India’s policy barriers hurting imports from USA: USITC

India’s policy barriers hurting imports from USA: USITC

USA's exports to and investment in India could increase by up to 66% without trade and non-trade barriers, according to a new report commissioned by the House Committee on Ways and Means and the Senate Committee on Finance Bidhu Bhushan Palo | The Dollar Business Ahead of President Barack Obama’s visit to India next month and amid hectic consultations on Indo-US trade, the U.S. International Trade Commission (USITC) has released a new report which claims that India’s imports from USA have remained much below potential mainly due to policy barriers in India.
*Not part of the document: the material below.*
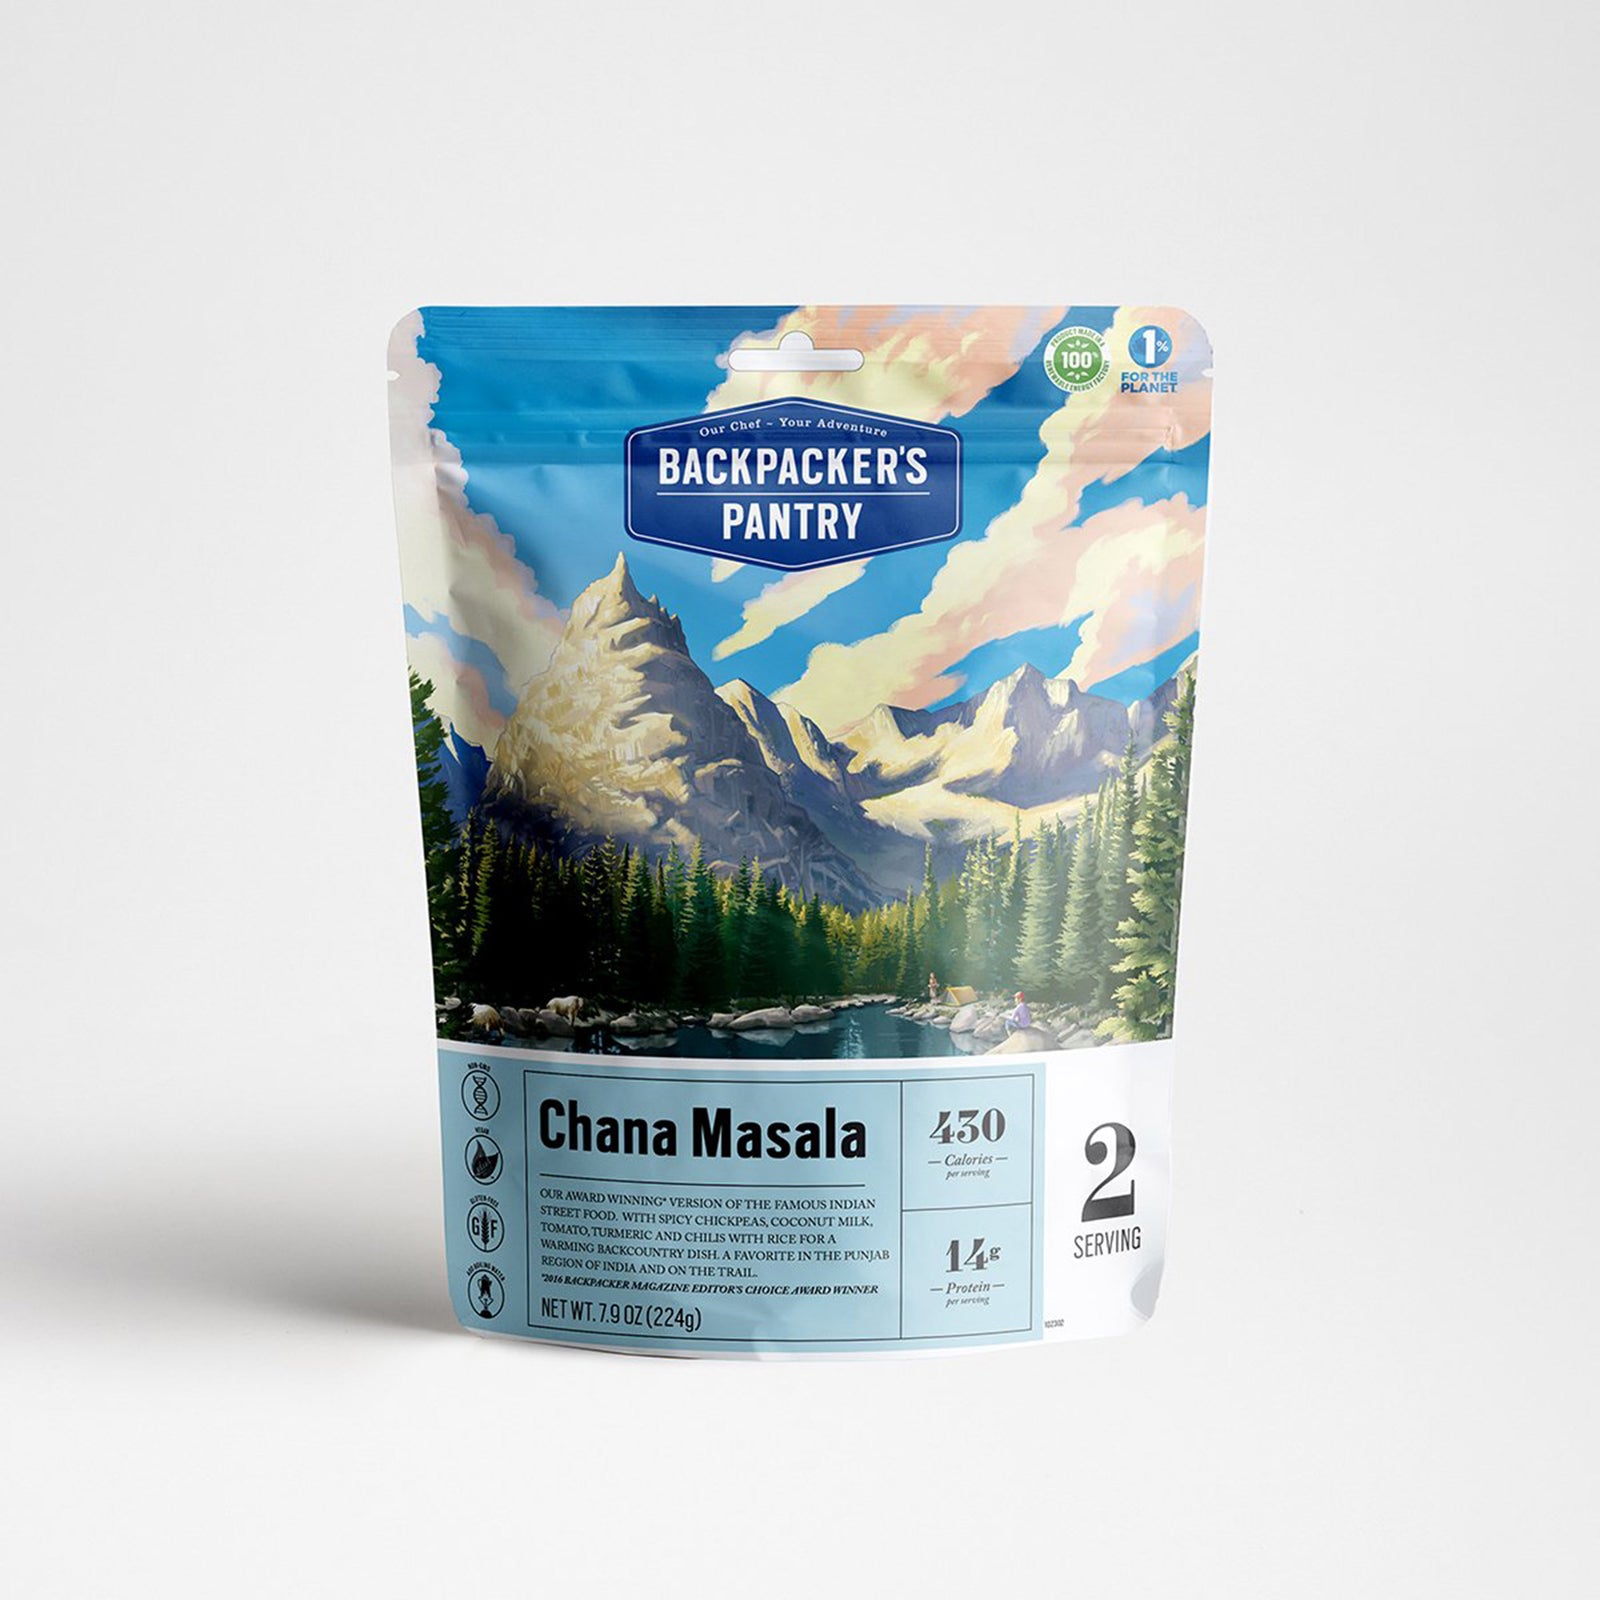 A photo of Backpackers Pantry Chana Masala packaging, the front of the package
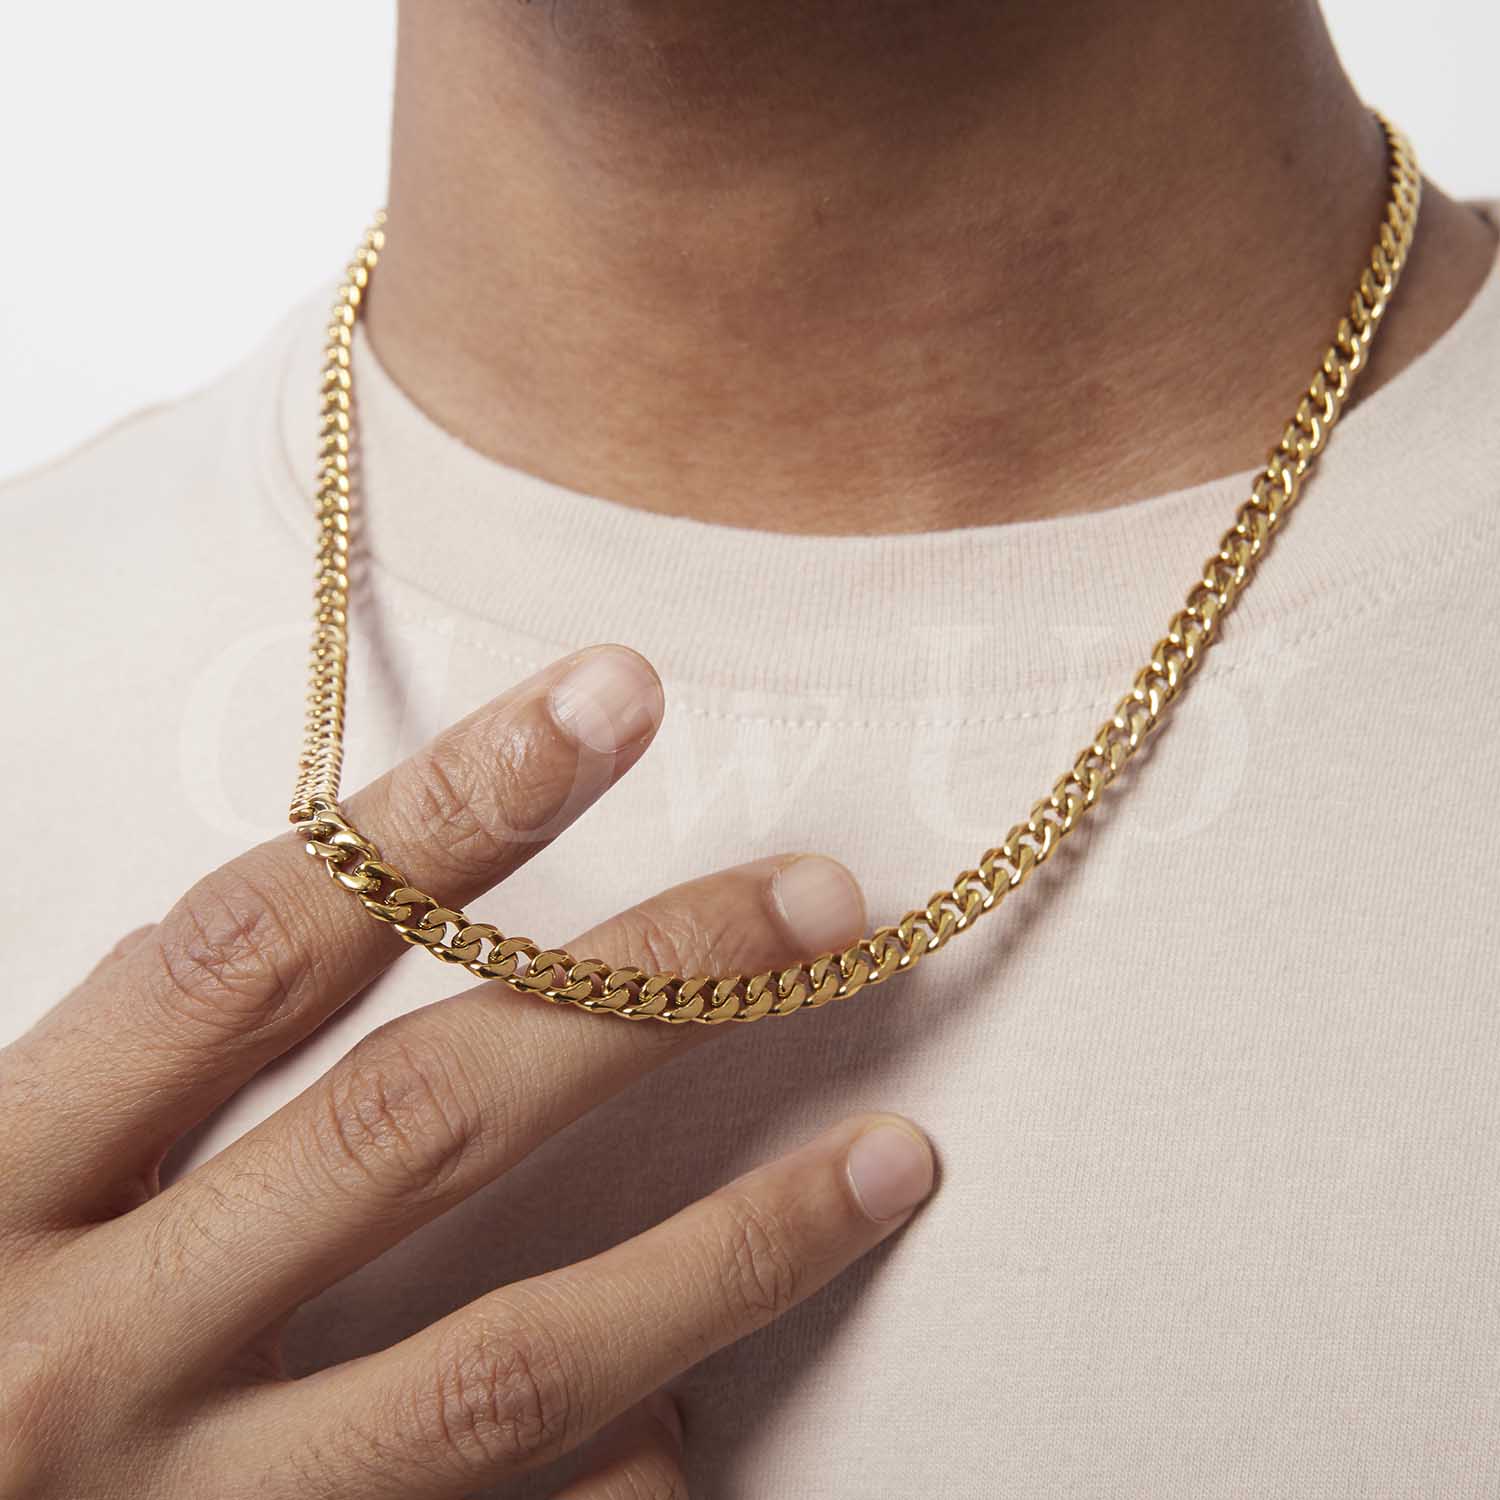 ShineOn Fulfillment Jewelry To my Sexy Man - You take care of me - Cuban Link Chain

India runs a trade surplus of around $16.6 billion with USA, but this could shrink to a mere $2 billion, if India takes corrective steps, says the USITC in its report “Trade, Investment, and Industrial Policies in India: Effects on the U.S. Economy.” USITC says that restrictive Indian policies have adversely affected U.S. companies doing business in India so far, and several trade and non-trade barriers have led to as much as 60% of American exporters reducing their shipments to India.USWTO-TheDollarBusiness According to USITC, the main policy barriers placed by India include tariffs and customs procedures, foreign direct investment (FDI) restrictions, local-content restrictions, treatment of intellectual property (IP), taxes and financial regulations, regulatory uncertainty, and other nontariff measures, such as unclear legal liability, price controls, and sanitary and phyto-sanitary standards. Average tariff rates applied to Indian imports of US goods have declined from over 20% during 2000-2004 to below 10% in the years after 2004. However, USTIC says that the share of U.S. companies that were significantly affected by restrictive Indian policies rose from 18.8% to 26.1% between 2007 and 2013.
India-USA trade-TheDollarbusiness Source - Ministry of Commerce, India
Companies in USA say that their business is most hit by India’s tariffs and customs procedures, and taxes and financial regulations, while investment and intellectual property policies also have adverse impact on several sectors such as pharma, media, ICT, e-commerce and alcohol. Eliminating these would help boost USA’s exports to India and also investments in to India. USITC says that India also imposes several barriers to imports of automobile, solar, and agricultural products from USA. “If tariff and investment restrictions were fully eliminated and standards of IP protection were made comparable to U.S. and Western European levels, Commission model results indicate that U.S. exports to India would rise by two-thirds, and U.S. investment in India would roughly double,” says USITC. Last month, the India-United States Trade Policy Forum (TPF) met in New Delhi after a gap of over four years. In the meeting, India’s Commerce Minister and Michael Froman, U.S. Trade Representative Ambassador, agreed to pursue goals to improve bilateral trade between the two countries. USA has said that it is looking to improve services exports to India and promote investment in the several projects announced by the new government in New Delhi. Obama will be the Chief Guest in India’s Republic Day celebrations on January 26, 2015. Ahead of his visit, several US companies have urged India’s Department of Industrial Policy and Promotion (DIPP) to ease customs and business procedures in India.  

This article was published on December 23, 2014.